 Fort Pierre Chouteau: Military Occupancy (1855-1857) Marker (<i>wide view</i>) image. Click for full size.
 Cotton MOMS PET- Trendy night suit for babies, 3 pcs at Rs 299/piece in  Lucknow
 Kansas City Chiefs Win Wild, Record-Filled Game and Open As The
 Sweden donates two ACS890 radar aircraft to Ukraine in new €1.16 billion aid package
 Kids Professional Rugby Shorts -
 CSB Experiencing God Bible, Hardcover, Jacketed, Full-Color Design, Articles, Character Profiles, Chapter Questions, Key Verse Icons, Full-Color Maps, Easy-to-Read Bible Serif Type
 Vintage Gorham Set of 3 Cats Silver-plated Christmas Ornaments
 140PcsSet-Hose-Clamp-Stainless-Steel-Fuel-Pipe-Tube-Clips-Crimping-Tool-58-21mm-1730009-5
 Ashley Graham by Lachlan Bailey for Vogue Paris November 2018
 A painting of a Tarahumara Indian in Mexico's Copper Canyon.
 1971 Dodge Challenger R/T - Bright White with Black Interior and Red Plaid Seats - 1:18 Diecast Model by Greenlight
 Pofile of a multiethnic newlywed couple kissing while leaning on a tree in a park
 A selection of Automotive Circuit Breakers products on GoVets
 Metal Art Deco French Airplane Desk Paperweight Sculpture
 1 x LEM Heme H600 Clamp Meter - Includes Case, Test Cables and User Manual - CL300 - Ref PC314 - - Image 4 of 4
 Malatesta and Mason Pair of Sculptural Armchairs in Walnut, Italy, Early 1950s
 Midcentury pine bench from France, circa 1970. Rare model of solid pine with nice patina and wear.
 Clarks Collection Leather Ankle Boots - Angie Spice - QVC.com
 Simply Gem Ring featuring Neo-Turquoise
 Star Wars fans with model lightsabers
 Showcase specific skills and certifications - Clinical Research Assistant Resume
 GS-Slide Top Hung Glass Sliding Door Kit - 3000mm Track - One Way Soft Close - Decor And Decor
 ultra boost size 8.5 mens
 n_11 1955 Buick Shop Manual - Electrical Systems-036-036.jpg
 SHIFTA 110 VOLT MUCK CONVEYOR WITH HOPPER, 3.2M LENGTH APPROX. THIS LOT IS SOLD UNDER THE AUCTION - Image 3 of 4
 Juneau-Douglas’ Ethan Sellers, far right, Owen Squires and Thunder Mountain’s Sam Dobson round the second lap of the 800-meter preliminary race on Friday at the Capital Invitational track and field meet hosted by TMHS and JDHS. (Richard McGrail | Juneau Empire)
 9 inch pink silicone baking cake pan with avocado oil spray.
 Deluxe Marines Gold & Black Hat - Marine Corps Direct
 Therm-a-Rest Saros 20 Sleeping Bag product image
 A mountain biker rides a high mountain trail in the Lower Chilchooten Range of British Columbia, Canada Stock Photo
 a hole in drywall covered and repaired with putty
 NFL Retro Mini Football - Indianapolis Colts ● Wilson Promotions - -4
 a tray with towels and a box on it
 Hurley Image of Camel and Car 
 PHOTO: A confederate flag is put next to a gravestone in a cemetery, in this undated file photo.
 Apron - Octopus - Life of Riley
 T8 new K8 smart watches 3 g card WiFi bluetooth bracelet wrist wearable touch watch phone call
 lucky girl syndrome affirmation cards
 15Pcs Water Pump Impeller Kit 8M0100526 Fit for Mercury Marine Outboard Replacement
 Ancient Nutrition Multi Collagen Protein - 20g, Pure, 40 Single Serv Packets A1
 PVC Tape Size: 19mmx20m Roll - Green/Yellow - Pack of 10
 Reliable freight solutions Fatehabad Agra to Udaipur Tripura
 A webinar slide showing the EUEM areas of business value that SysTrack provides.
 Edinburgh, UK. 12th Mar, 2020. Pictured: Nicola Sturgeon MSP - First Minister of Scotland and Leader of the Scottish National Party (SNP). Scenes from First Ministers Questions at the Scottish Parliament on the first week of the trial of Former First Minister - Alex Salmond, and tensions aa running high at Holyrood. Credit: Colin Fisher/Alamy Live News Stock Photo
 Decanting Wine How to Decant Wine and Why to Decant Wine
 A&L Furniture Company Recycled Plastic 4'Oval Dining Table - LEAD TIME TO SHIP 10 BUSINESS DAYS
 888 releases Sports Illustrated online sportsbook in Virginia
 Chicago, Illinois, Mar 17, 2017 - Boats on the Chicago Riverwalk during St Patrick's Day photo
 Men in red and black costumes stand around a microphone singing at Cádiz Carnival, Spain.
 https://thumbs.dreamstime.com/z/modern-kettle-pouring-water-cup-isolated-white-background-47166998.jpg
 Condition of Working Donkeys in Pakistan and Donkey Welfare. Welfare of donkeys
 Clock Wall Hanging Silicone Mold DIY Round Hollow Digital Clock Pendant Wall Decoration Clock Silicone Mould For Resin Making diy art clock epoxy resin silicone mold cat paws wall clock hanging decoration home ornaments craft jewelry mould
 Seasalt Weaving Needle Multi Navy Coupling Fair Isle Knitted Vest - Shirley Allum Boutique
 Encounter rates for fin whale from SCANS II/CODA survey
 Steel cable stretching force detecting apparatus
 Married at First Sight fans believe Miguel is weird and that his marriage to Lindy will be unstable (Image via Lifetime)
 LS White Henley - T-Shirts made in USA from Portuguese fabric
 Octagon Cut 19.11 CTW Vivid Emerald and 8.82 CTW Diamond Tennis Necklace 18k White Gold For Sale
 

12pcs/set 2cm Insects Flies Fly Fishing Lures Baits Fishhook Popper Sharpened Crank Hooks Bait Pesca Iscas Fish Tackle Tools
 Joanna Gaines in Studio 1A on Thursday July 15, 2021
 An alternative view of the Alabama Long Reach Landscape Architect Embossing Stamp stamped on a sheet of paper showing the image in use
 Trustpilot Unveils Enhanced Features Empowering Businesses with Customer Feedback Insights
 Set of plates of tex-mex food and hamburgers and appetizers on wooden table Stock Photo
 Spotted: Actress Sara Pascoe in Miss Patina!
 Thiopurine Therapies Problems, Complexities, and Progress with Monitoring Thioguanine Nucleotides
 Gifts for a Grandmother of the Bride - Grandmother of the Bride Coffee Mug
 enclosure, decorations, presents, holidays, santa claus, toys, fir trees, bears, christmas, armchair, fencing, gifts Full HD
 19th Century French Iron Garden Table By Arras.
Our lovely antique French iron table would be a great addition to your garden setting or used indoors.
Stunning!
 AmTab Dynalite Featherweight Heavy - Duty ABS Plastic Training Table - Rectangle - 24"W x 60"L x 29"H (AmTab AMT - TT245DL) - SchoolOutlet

━━━━━━━━━━━━━━━━━━━━━━━━━━━━━━

▸ Task
Of the lines above, output exactly those from the line bearing "a tray with towels and a box on it" through the line bearing "Ancient Nutrition Multi", inclusive.

▸ Written answer
 a tray with towels and a box on it
 Hurley Image of Camel and Car 
 PHOTO: A confederate flag is put next to a gravestone in a cemetery, in this undated file photo.
 Apron - Octopus - Life of Riley
 T8 new K8 smart watches 3 g card WiFi bluetooth bracelet wrist wearable touch watch phone call
 lucky girl syndrome affirmation cards
 15Pcs Water Pump Impeller Kit 8M0100526 Fit for Mercury Marine Outboard Replacement
 Ancient Nutrition Multi Collagen Protein - 20g, Pure, 40 Single Serv Packets A1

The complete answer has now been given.